Hubble Uncovers a Hidden Quasar in a Nearby Galaxy (Cygnus A)
Astronomers using NASA's Hubble Space Telescope (HST) have found, to their surprise, that a relatively nearby galaxy harbors a powerful quasar. This active galaxy, known as Cygnus A, is the second strongest radio source in the sky.
Because most quasars are billions of light-years away, it is a surprise to find one virtually in our own cosmic back yard – at a relatively close distance of 600 million light-years. This discovery by Hubble also means that astronomers now have a close-up example of a quasar to study in detail.
"I was stunned when we realized we had a quasar; it was a total surprise," says Dr. Anne Kinney of the Space Telescope Science Institute, Baltimore, Md. She emphasizes that this unexpected result suggests that all powerful radio galaxies might harbor quasars that are hidden from view.
The observations were made by Robert Antonucci and Todd Hurt of the University of California at Santa Barbara, and Kinney. Their results appear in the September 22 issue of Nature.
Quasars (Quasi-Stellar Radio Sources) are compact objects that look like pinpoints of light (like stars) in ground-based telescopes, but are actually hundreds of times brighter than entire ordinary galaxies like our Milky Way. There is increasing evidence that quasars dwell in the core of remote galaxies, and are powered by a supermassive black hole devouring dust, gas, and stars from the host galaxy. Most quasars existed billions of years ago in the early universe, and, so, it's unusual to find one in our own epoch.

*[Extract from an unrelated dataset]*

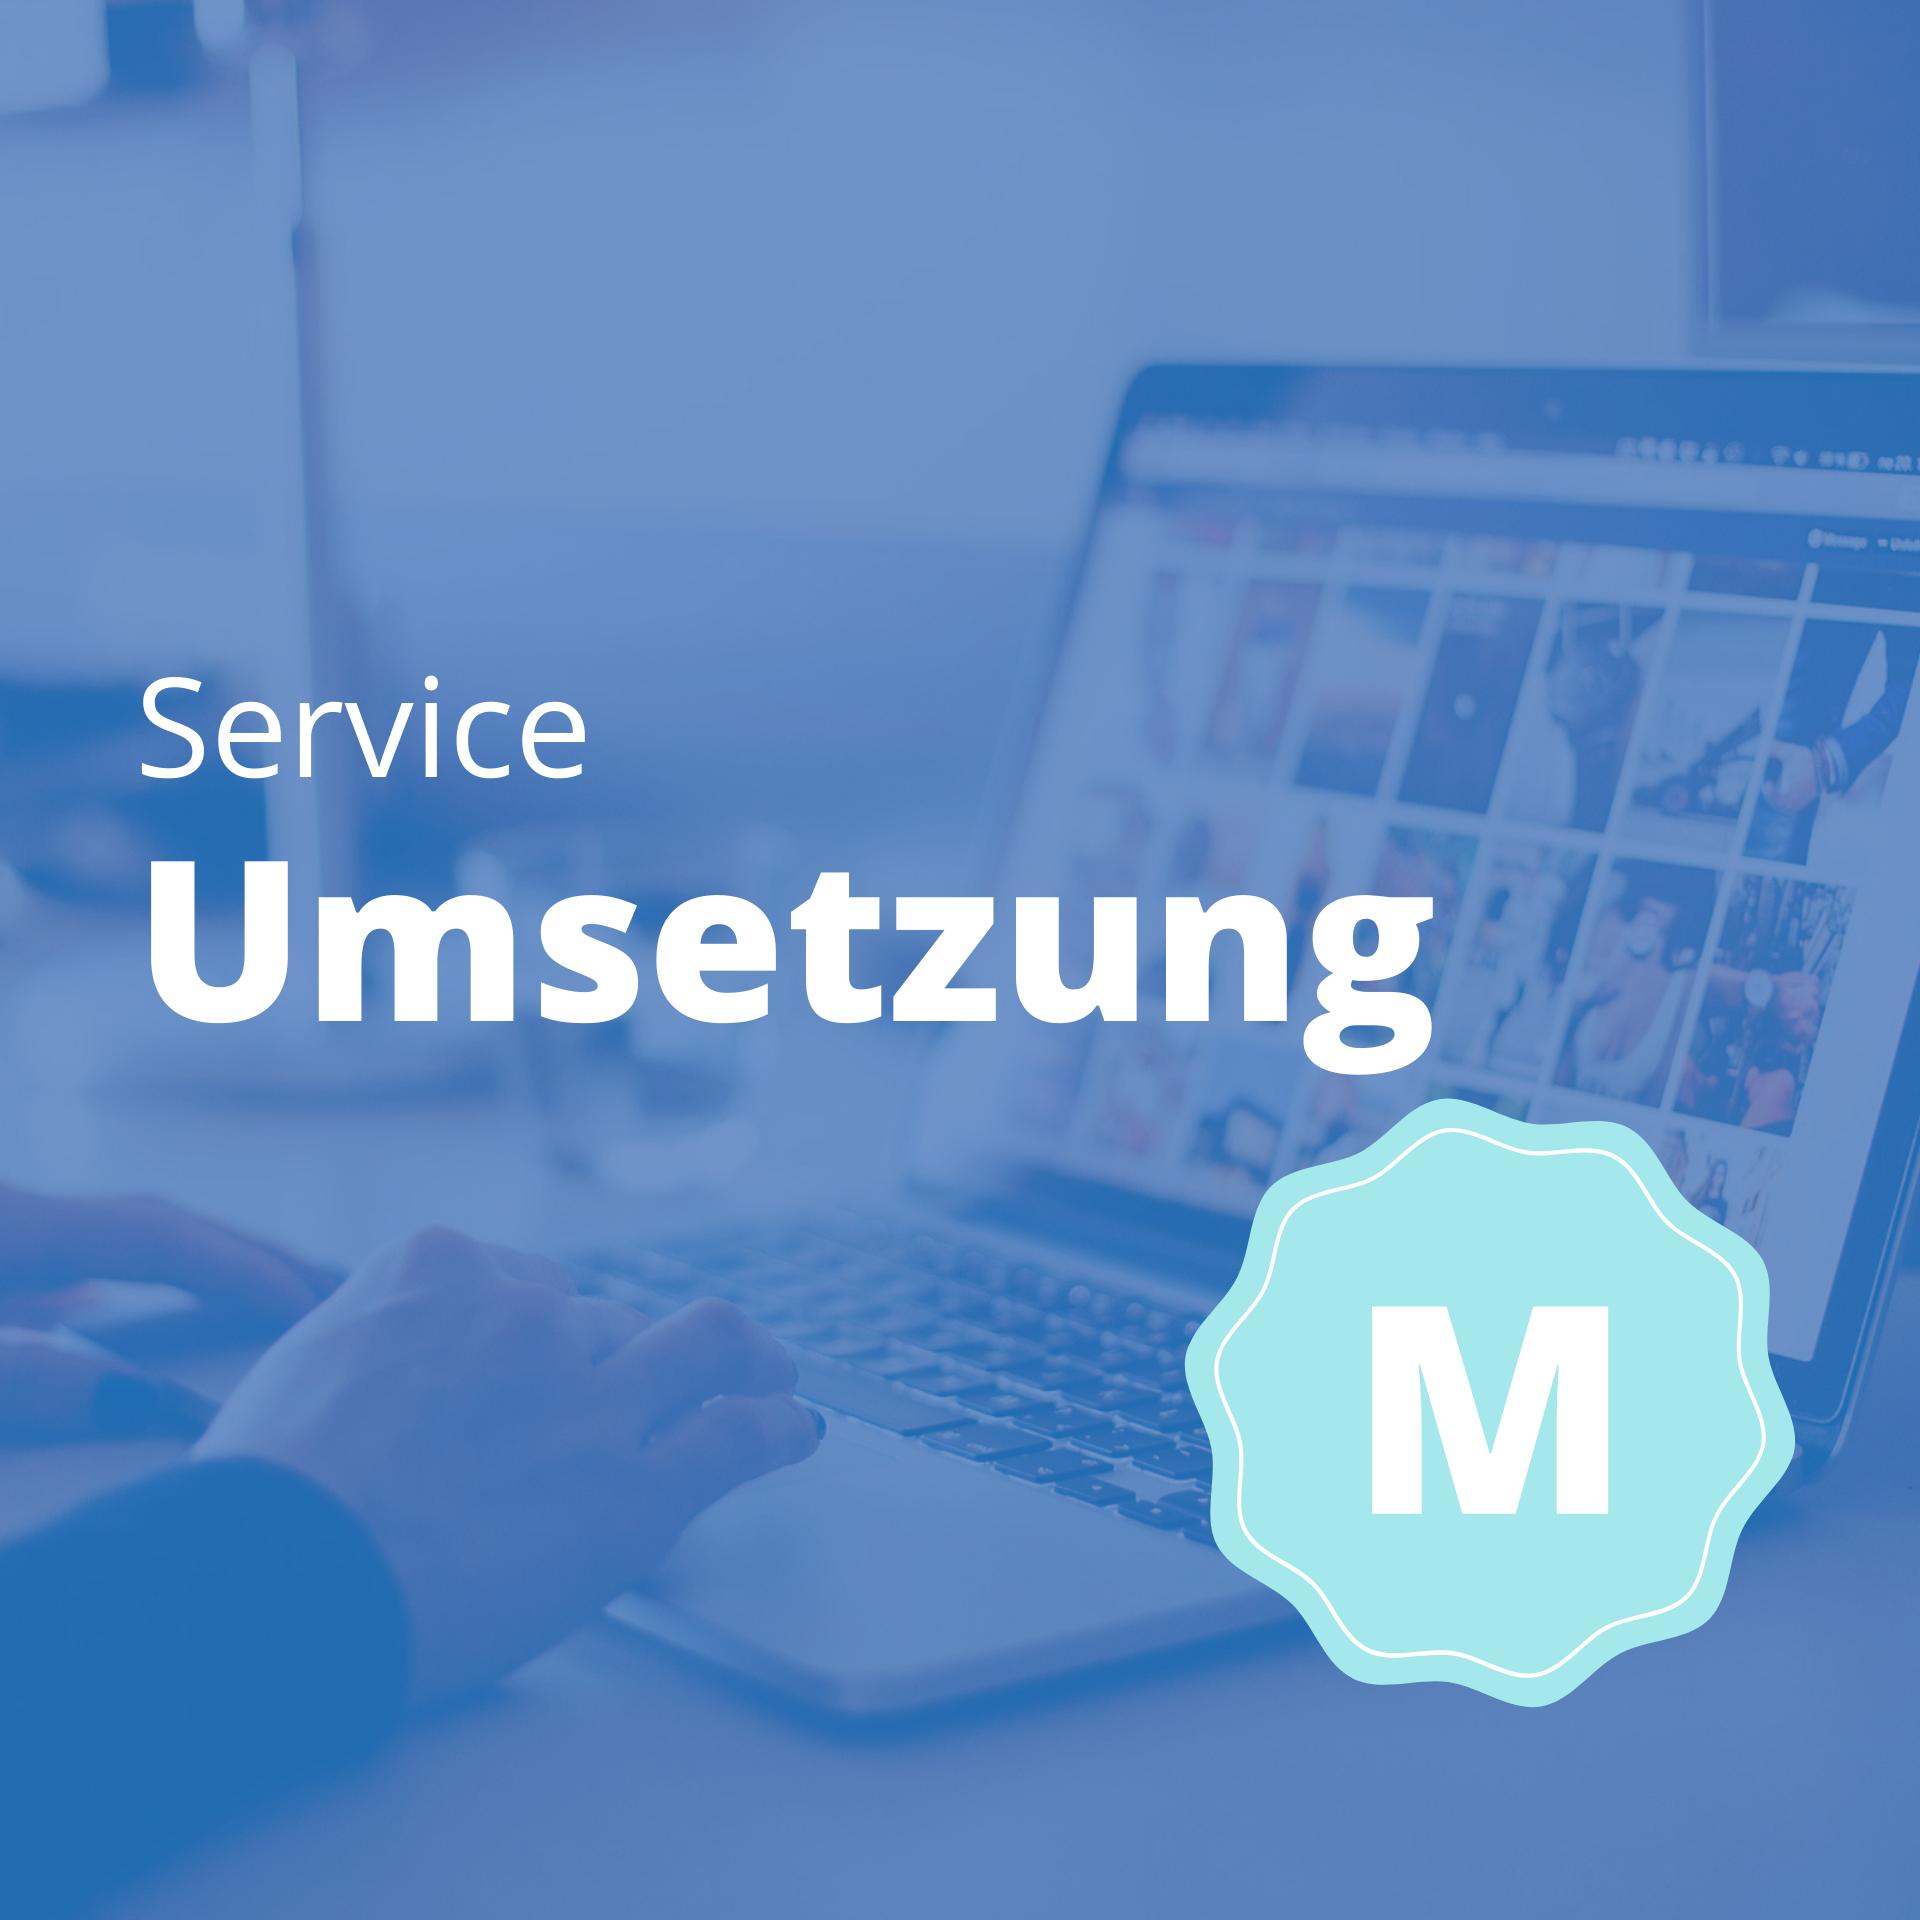 Service Umsetzung M

Though Cygnus A is categorized as an elliptical galaxy, it has an unusual peanut-shape due to a dark band of dust encircling the enigmatic nucleus. The Hubble astronomers could only peek into the core by taking advantage of a natural "periscope effect." Dust outside of the nucleus acts like a mirror to reflect the shorter wavelengths, or blue component of the light, toward Earth
The astronomers used the ultraviolet sensitivity of the Faint Object Spectrograph to look for the spectral signature of extremely hot, supermassive stars hidden in the nucleus. Such stars are theorized as one possible explanation for Cygnus A's powerful optical emissions.
Instead, the resulting ultraviolet spectrum was so unusual that astronomers puzzled over the data for three months before reaching their startling conclusion. After much analysis, they realized it was in part composed of the typical spectrum of a quasar. Such a spectrum possesses broad emission lines that indicate that gas in the nucleus is swirling at high speeds. "One caveat is that the broad emission line could possibly be many narrow emission lines blended together," says Kinney. "We will double check that possibility with more observations." HST's ultraviolet sensitivity allowed this spectrum to be distinguished more easily from the galaxy's starlight and other components.

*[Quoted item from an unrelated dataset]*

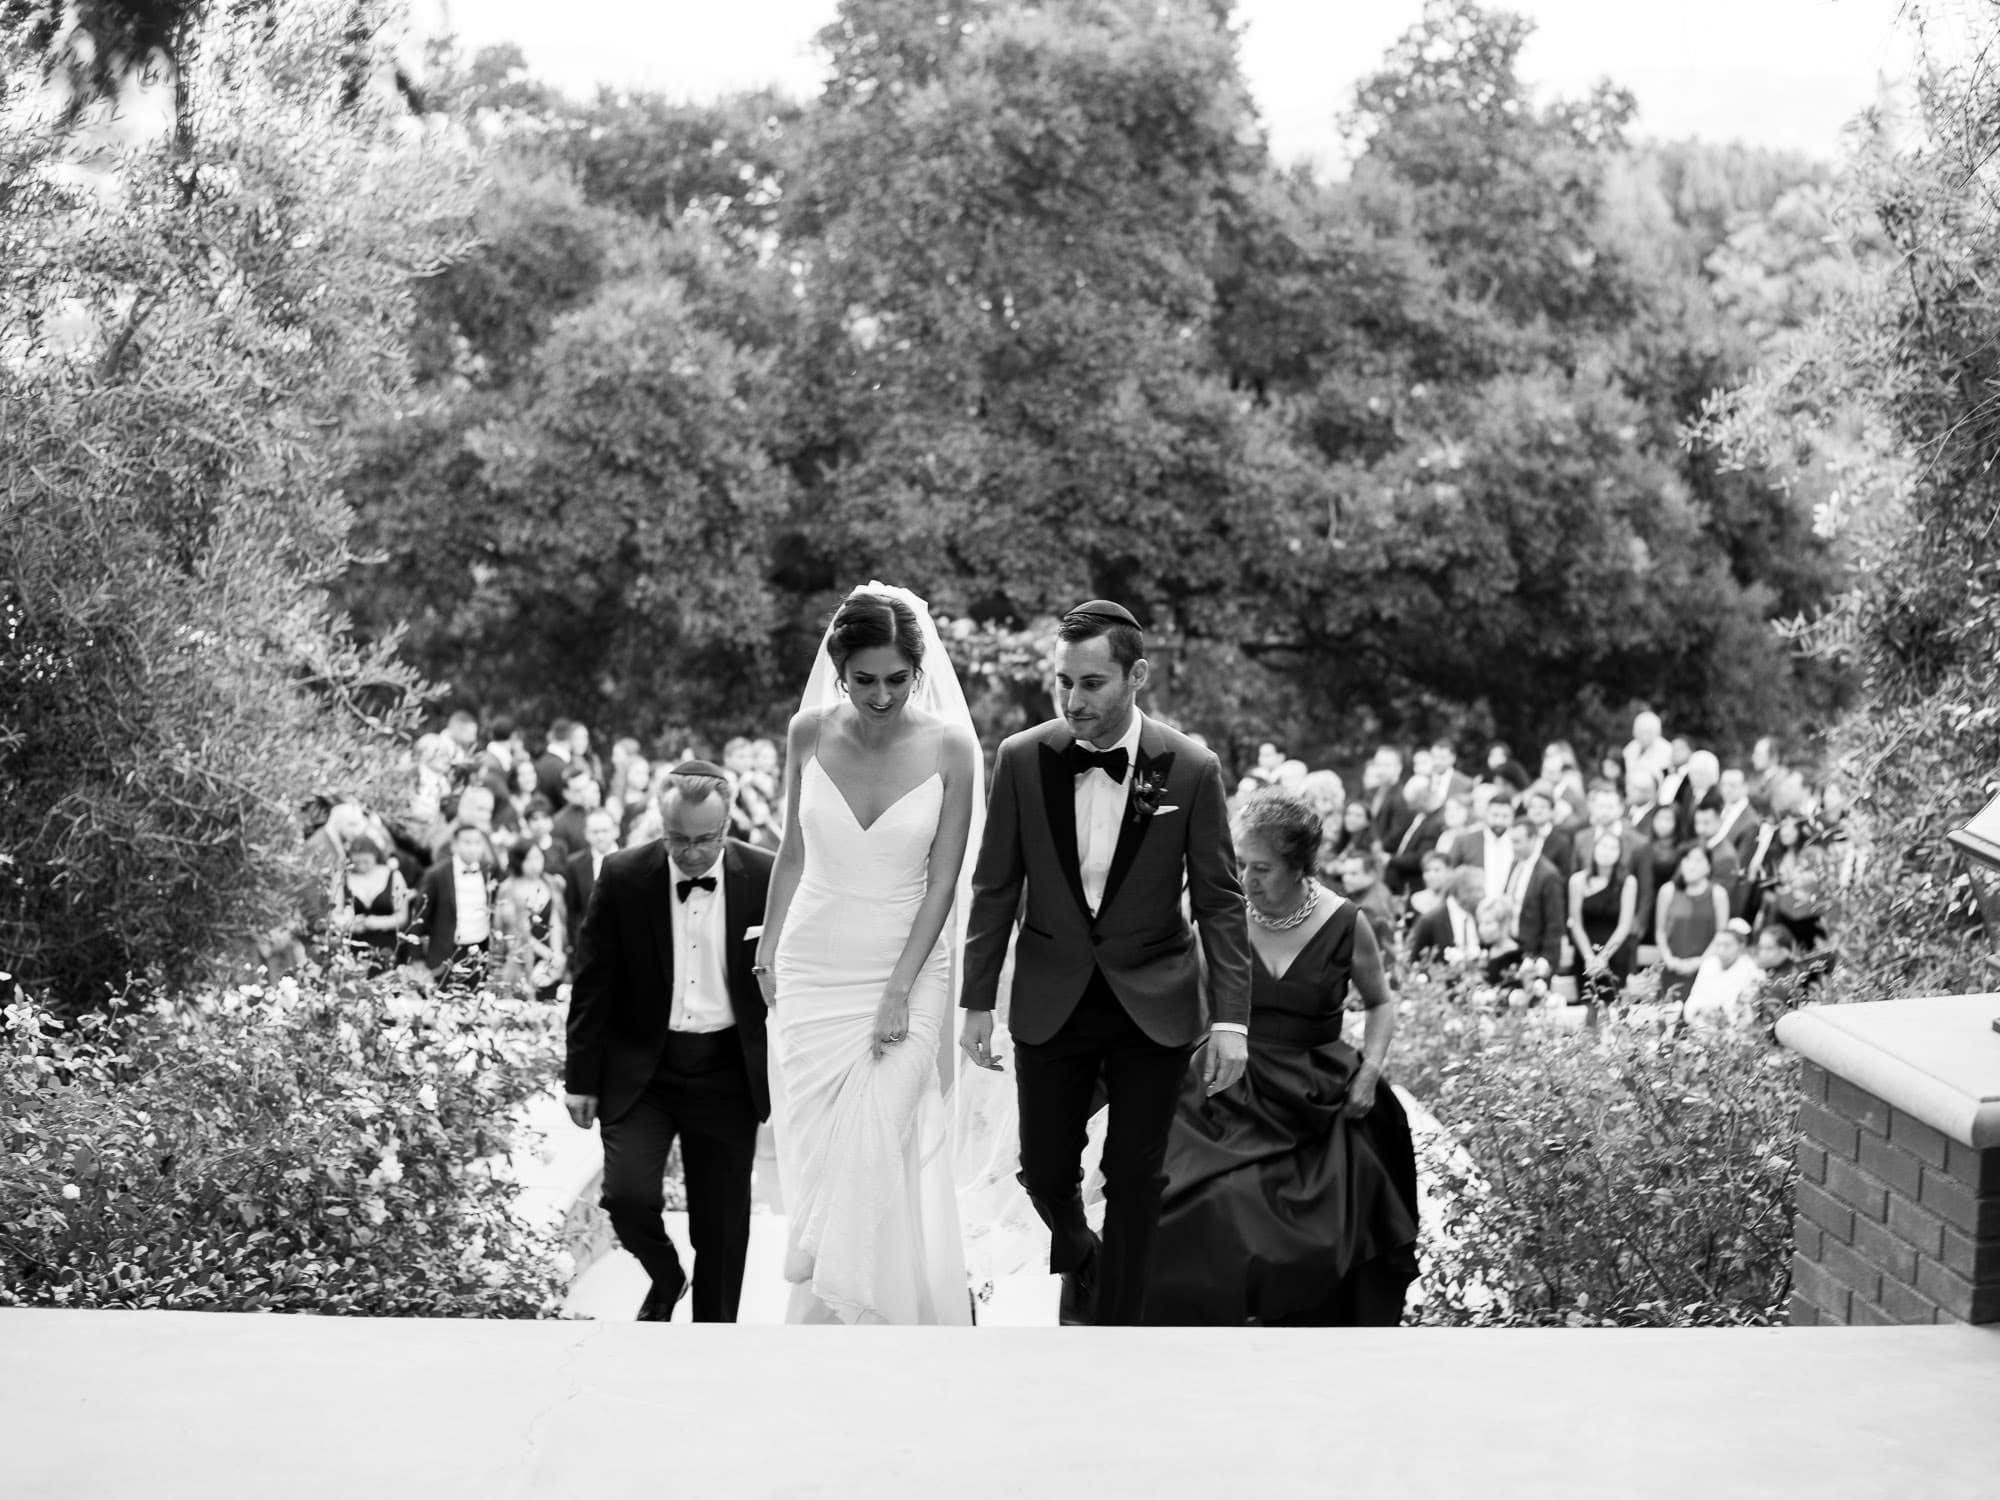 Wedding-Photo-Inspiration-Greg-Ross

Kinney emphasizes that it is probably more than coincidence to find a quasar embedded in the nearest extremely powerful radio galaxy to Earth. She says these results suggest that quasars might be common to radio galaxies and might explain their powerful radio emissions.
Though this provides an unexpected opportunity for close-up study of the mysterious "engine" behind a quasar, these results add further mystery as to the true nature of the powerhouse.

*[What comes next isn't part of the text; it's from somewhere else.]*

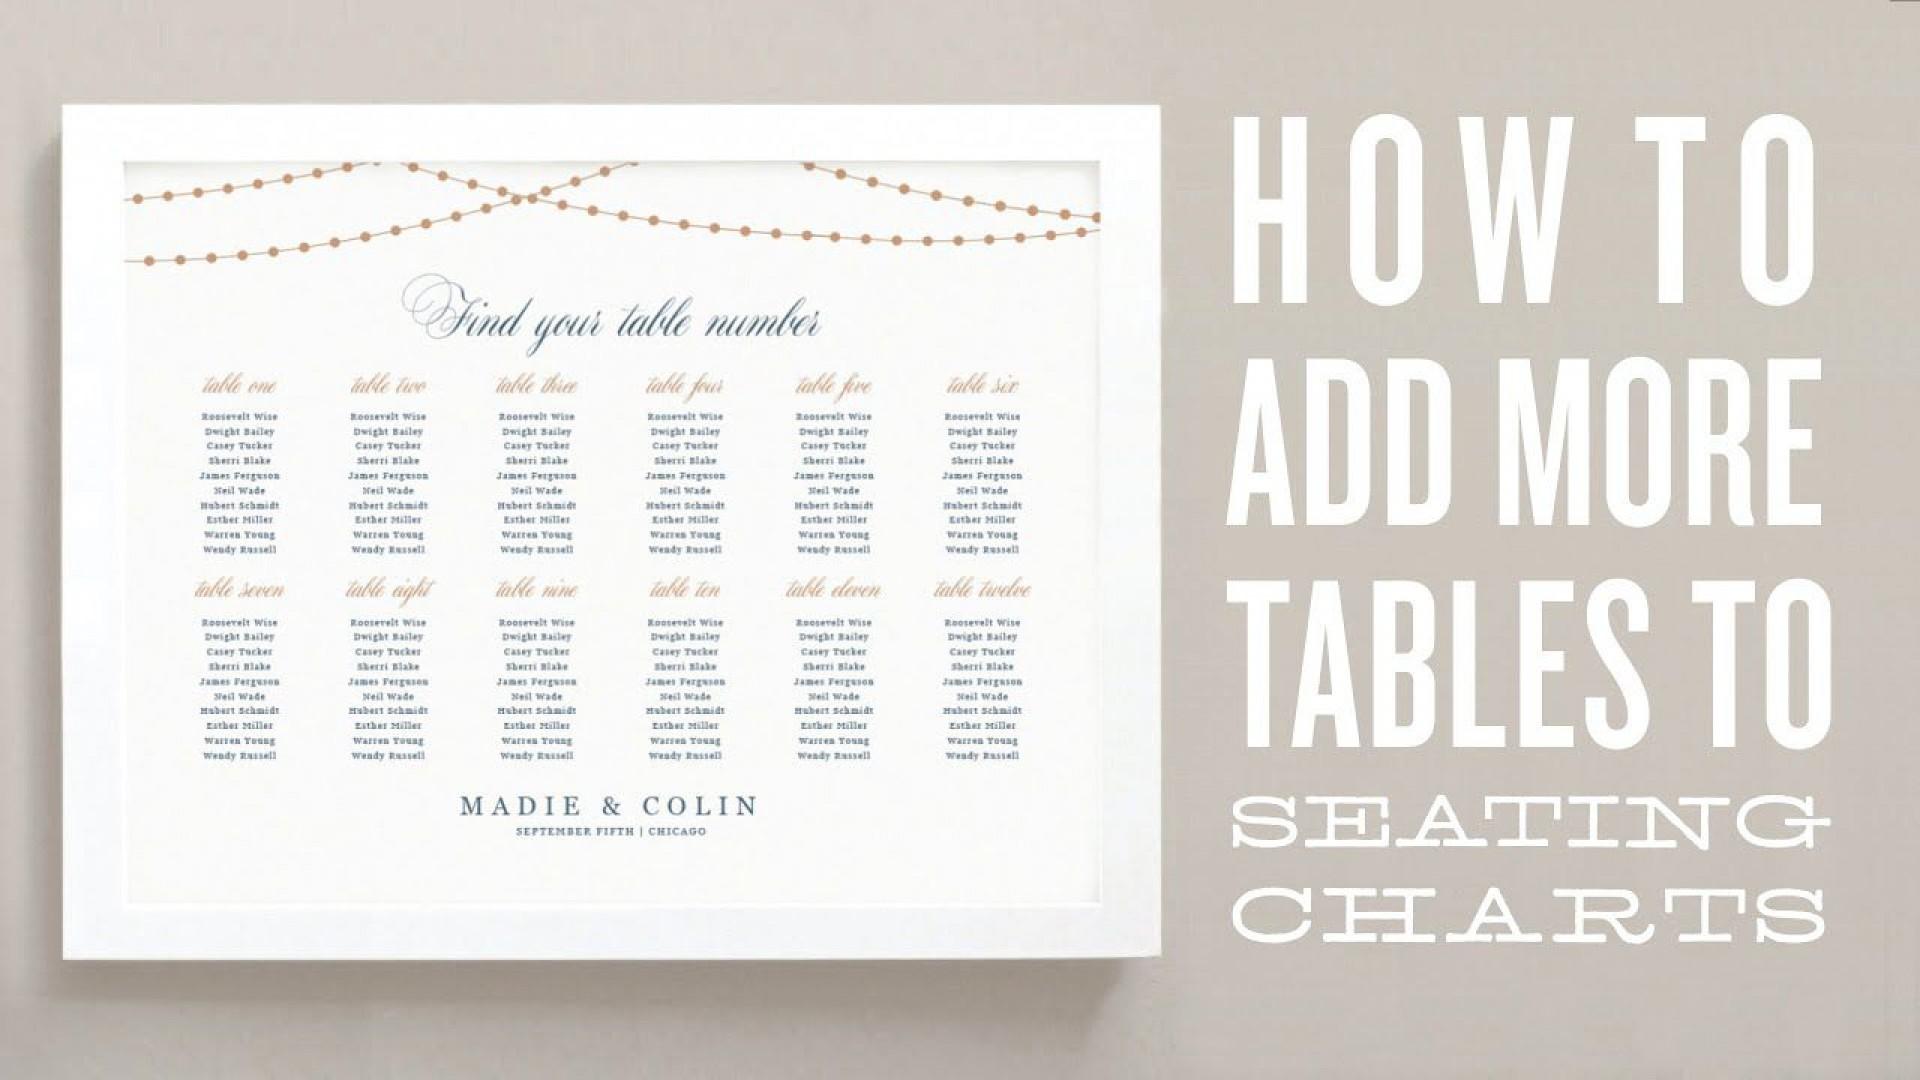 003 Beautiful Seating Chart Template Word Image  Wedding Microsoft Free 10 Per Table1920

Previous ground-based radio observations show that there is an elongated optical object in the Cygnus A's core. This is inconsistent with black hole models that predict a compact point source of radiation. Supermassive black holes are leading candidates for explaining a quasar's prodigious outpouring of energy.
The astronomers plan to use the Hubble Space Telescope to study the spectrum of other radio galaxies and look for fingerprints of other quasars.